Watch Bp. Fulton Sheen’s “His Last Words”

Watch Bp. Fulton Sheen’s “His Last Words” March 30, 2018

On Good Friday, there are two pieces of media I traditionally watch.

One is, of course, The Passion of the Christ.

The other is Archbishop Fulton Sheen’s homily “His Last Words.” It’s a homily he gave on Good Friday 1979 at St. Agnes Church in New York City. (He died later that year, so it was the very last Good Friday homily he gave.)

You can get a DVD copy here [affiliate link], but it is also available on YouTube:

I also recommend The Seven Last Words [affiliate link], as well as the chapter “The Seven Words from the Cross” in his “Life of Christ.” [affiliate link]

I find it both of the above, as well as his Good Friday homily, a profound reflection on the Lord’s Passion.

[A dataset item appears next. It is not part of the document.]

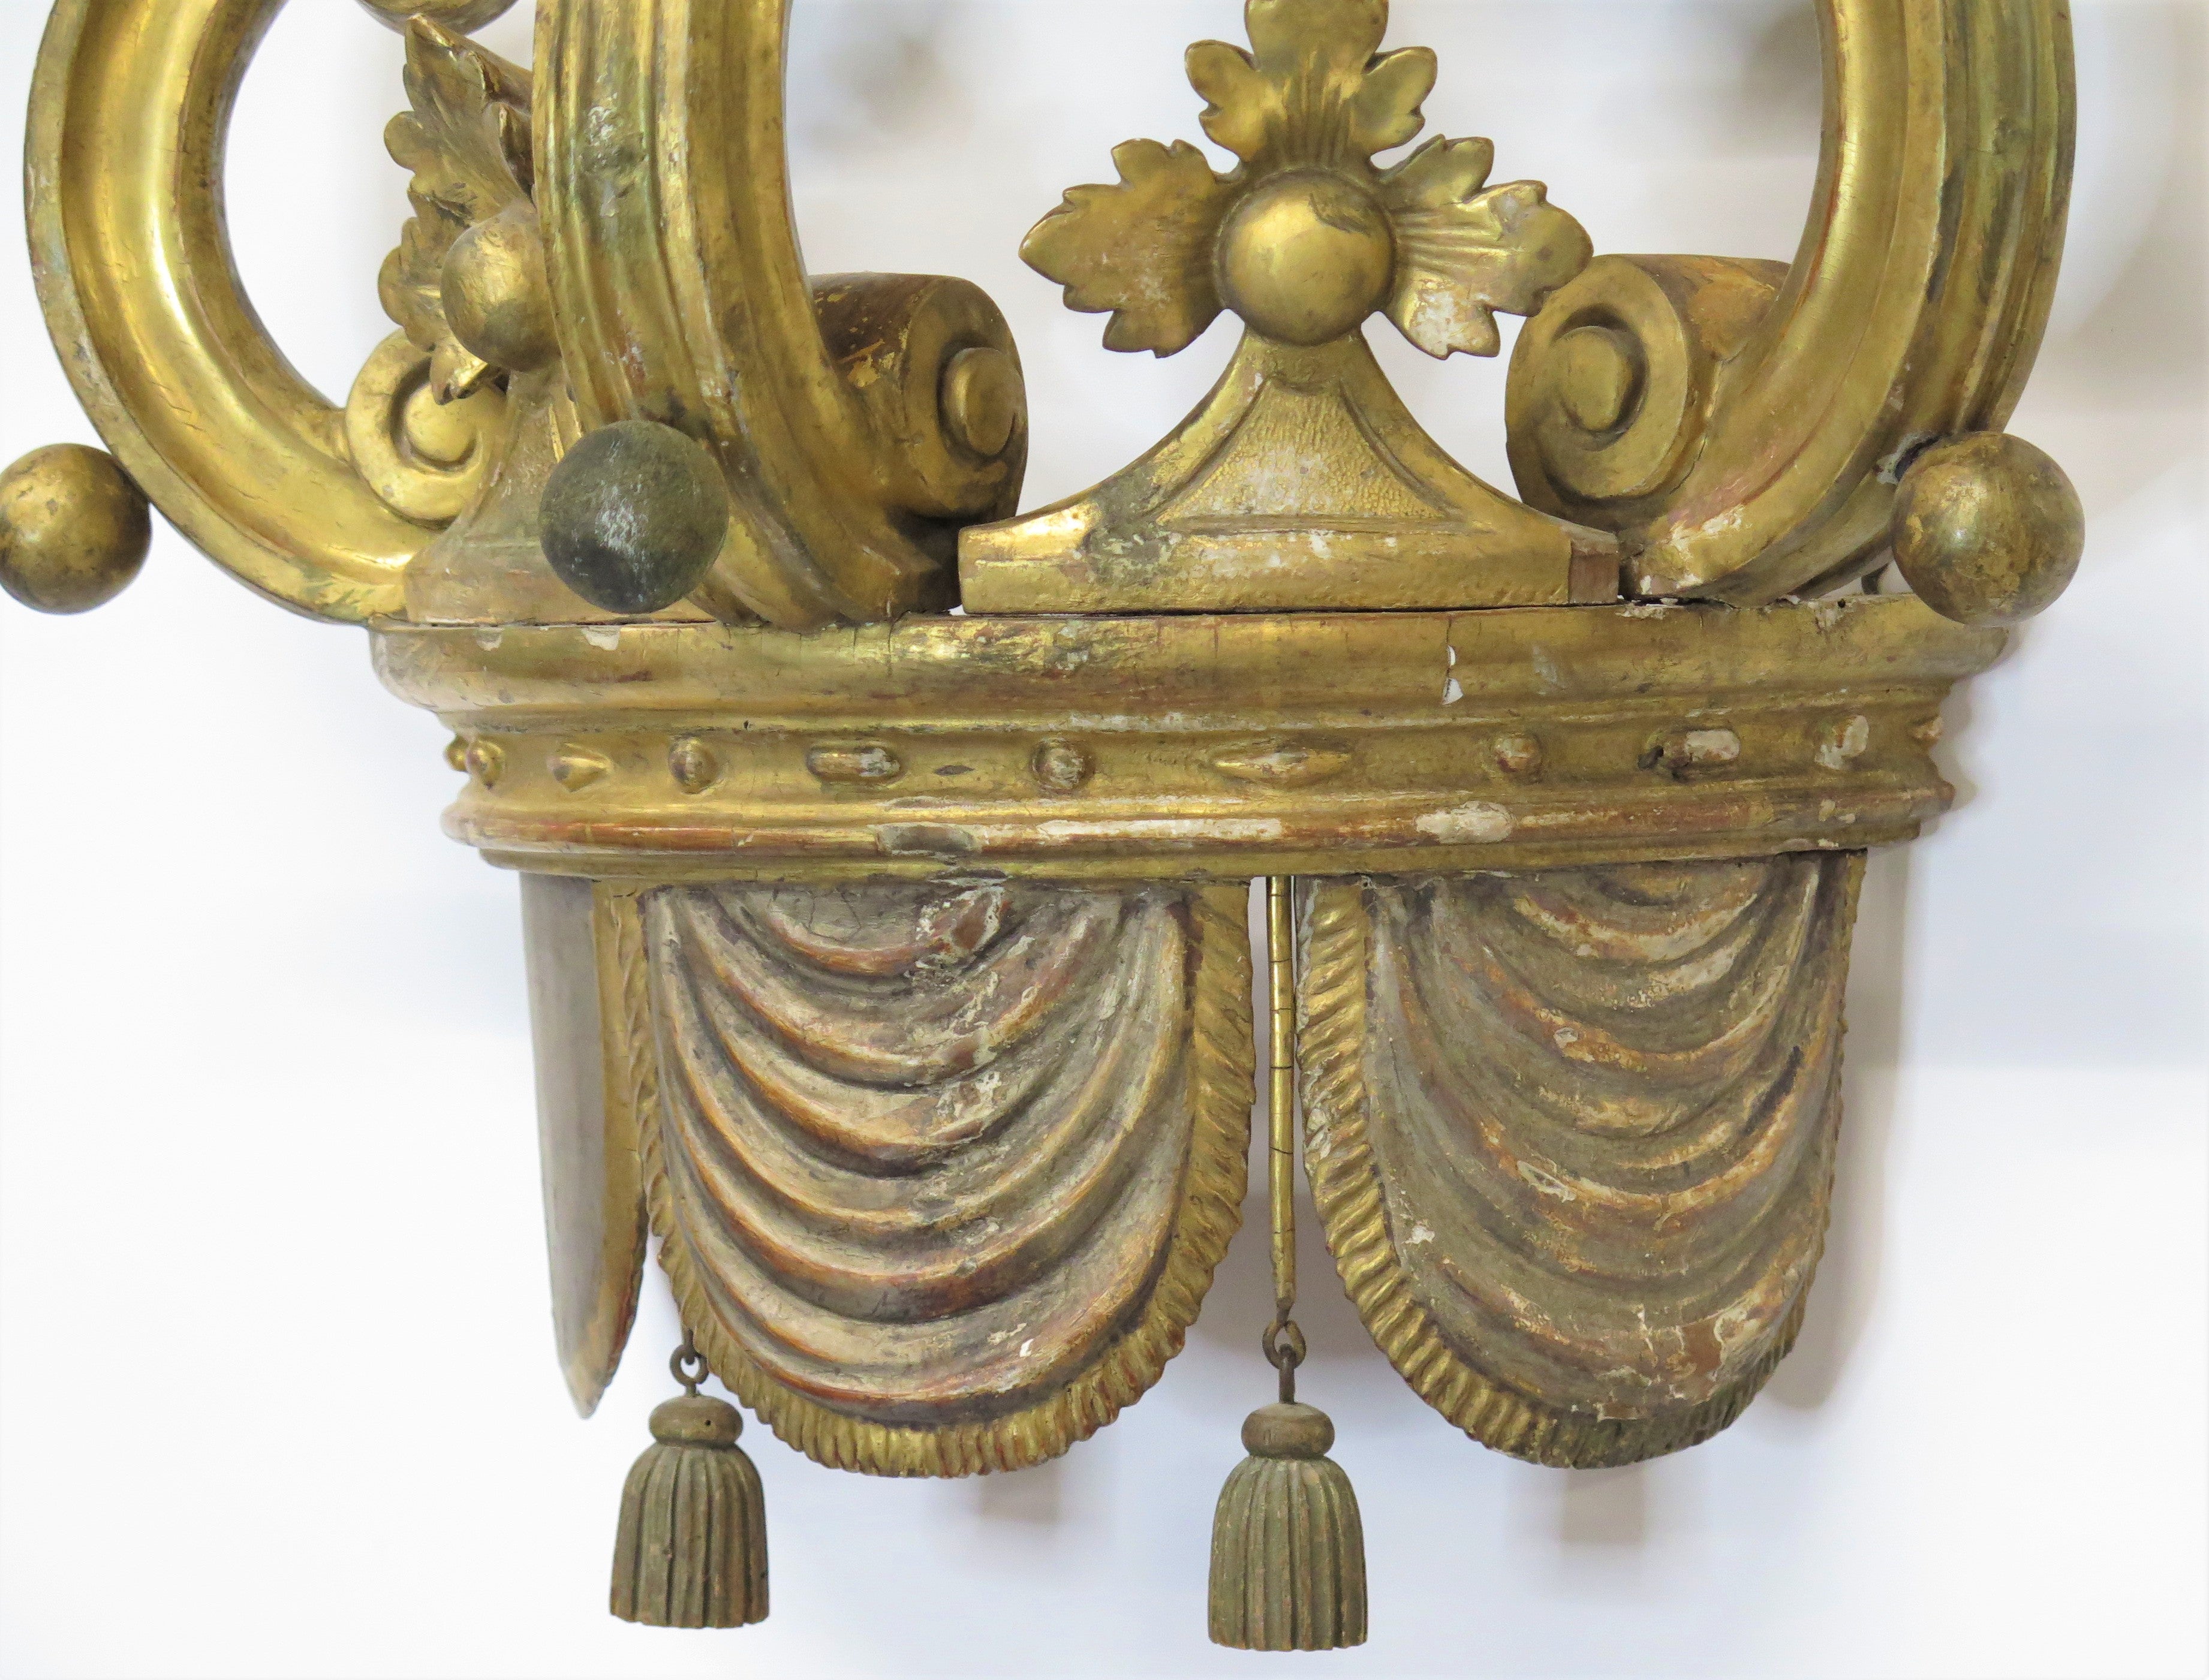 Paint and Polychromed gold and Silver Gilt Corona
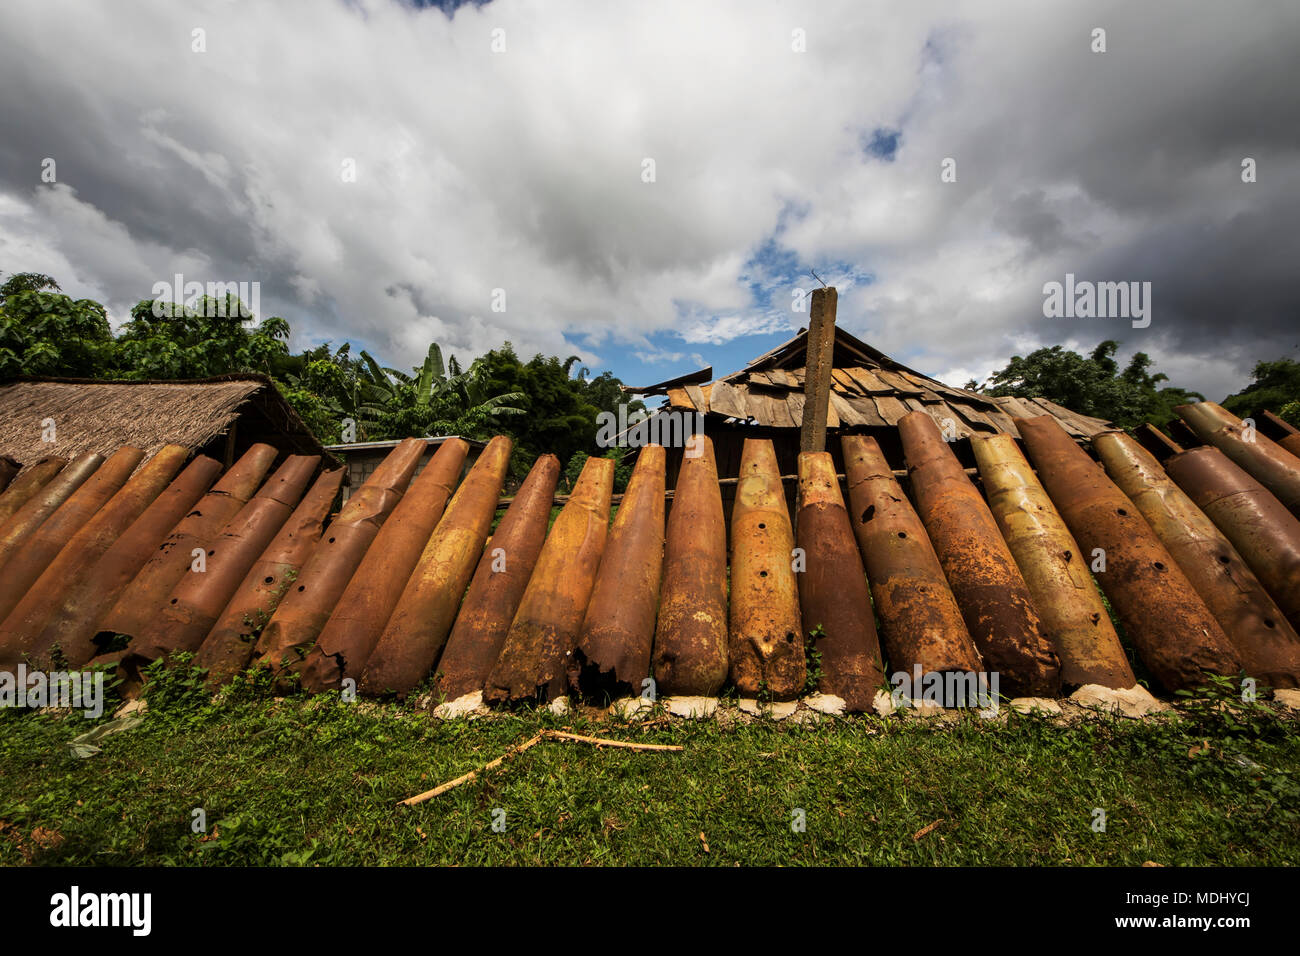 Wall made from bomb casings in Na Kam Peng, also called Bomb Village; Na Kam Peng, Xiangkhouang, Laos Stock Photo

Here are the first few paragraphs of “The Seven Last Words” for your reflection; I hope you find them as moving and insightful as I do.

Three elements conspire in the making of every great message: a pulpit, an audience, and a truth. These three were present in the two most notable messages in the life of Our Blessed Savior, the first and the last which He delivered to the world. The pulpit of His first message was the mountainside; His audience, unlettered Galileans; His truth, the Beatitudes. The last message He delivered had for its pulpit the Cross; for its audience, scribes and Pharisees who blasphemed. Temple priests who ridiculed, Roman soldiers who gambled, timid disciples who feared, Magdalen who wept, John who loved, and Mary who grieved as only a mother can grieve. Magdalen, John, and Mary — penitence, priesthood, and innocence — the three types of souls to be found forever beneath the Cross of Christ. The sermon which that audience heard from the pulpit of the Cross was the Seven Last Words, the dying sayings of a Savior Who, by dying, slew death.

In the four thousand years of Jewish history, the dying words of only three are recorded: Israel, Moses, and Stephen. The reason perhaps is that no others are found so significant and representative as these three. Israel was the first of the Israelites; Moses, the first of the legal dispensation; Stephen, the first martyr. The dying words of each begin something sublime in the history of God’s dealings with men. Not even the last words of Peter or Paul or John have been our legacy, for no spirit ever guided a pen to reveal the secrets of their dying lips. And yet the human heart is always anxious to hear of the state of a mind at that very common and yet very mysterious moment called death.

In His goodness. Our Blessed Lord has left us His thoughts on dying, for He more than Israel, more than Moses, more than Stephen is representative of all humanity. In this sublime hour, therefore, He calls all His children to the pulpit of the Cross, and every word He says to them is set down for the purpose of an eternal publication and an undying consolation. There was never a preacher like the dying Christ. There was never a congregation like that which gathered about the pulpit of the Cross. There was never a sermon like the Seven Last Words.

Those seven words, unlike the words of dying men, never died. They were caught up in the ears of that vast audience and then echoed down over the hillside of Jerusalem and through the labyrinth of men’s minds, waking even the dead from their graves. Now even in this hour they are caught up by our own poor hearts that must decide, once more, if they will be tempted by the love of that Savior. Calvary is the new mountain of temptation, and it is not now Satan tempting Christ, but Christ tempting us — tempting us to love the Love we fall just short of in all love.